Living with her grandfather in Whitesburg, Kentucky, Chloe is alone, with no one but her trusty companion Sandy, a dog she’s had since she was a toddler.
“There was water as far as I could see,” he told CNN. “I had a full-blown panic attack.”
But she was determined to get out safely and take her dog with her.
Chloe’s grandparents were separated from their granddaughter in a house a few feet away. They shouted at her and urged Chloe to stay inside until help arrived. But with little cell service and the 911 center, perhaps overwhelmed, not answering her calls, Chloe said she realized she had to get out to survive.
“My next thought was that we should swim to my uncle’s house,” where his family had taken refuge, he said. “I put Sandy in the water for a while to see if she could swim. But she couldn’t, so I picked her up and went in and waded through waist-deep water to try to find something she could float on. .”
After checking out other furniture, Chloe placed her dog in a plastic drawer from her closet to dry — then placed the drawer on a sofa cushion to keep her afloat.
“I finally had a plan that I believed might work,” he said. “I knew the dangers of trying to swim in deep and moving water, but I felt I had no choice.”
She swam through the cold water, pushing Sandy’s cushion in front of her, until she reached the flimsy roof of a nearby storage building; The only part of the structure not yet submerged.
There, the two sat for more than five hours before Chloe’s cousin rescued Dean and his dog with the help of a kayak. Nearby, Chloe’s family took shelter on the second floor of her uncle’s house and spoke to her after noticing her waiting for help.
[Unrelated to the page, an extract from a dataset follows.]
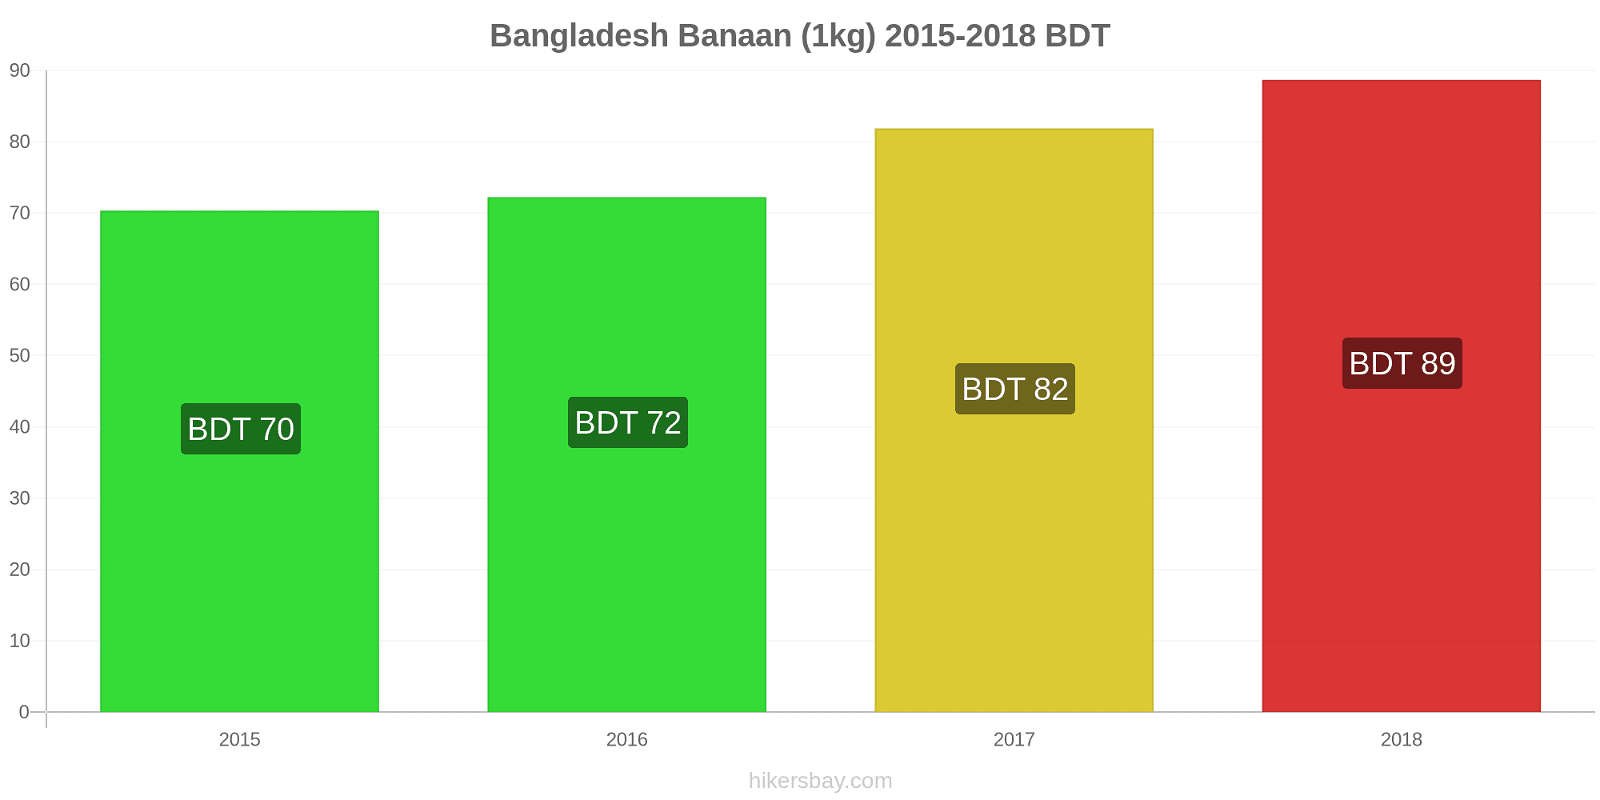 Bangladesh prijswijzigingen Bananen (1kg) hikersbay.com

When the teenager returned to her grandmother’s house, she was overcome with “relief that Sandy and I had survived the flood.”
“My heart goes out to all the others who have lost and suffered more than I did in this terrible disaster,” Chloe added.
In a Facebook post after the rescue, the teenager’s father, Terry Adams, called his daughter a “hero.”
“Today we lost everything,” he wrote. “All but the most important.”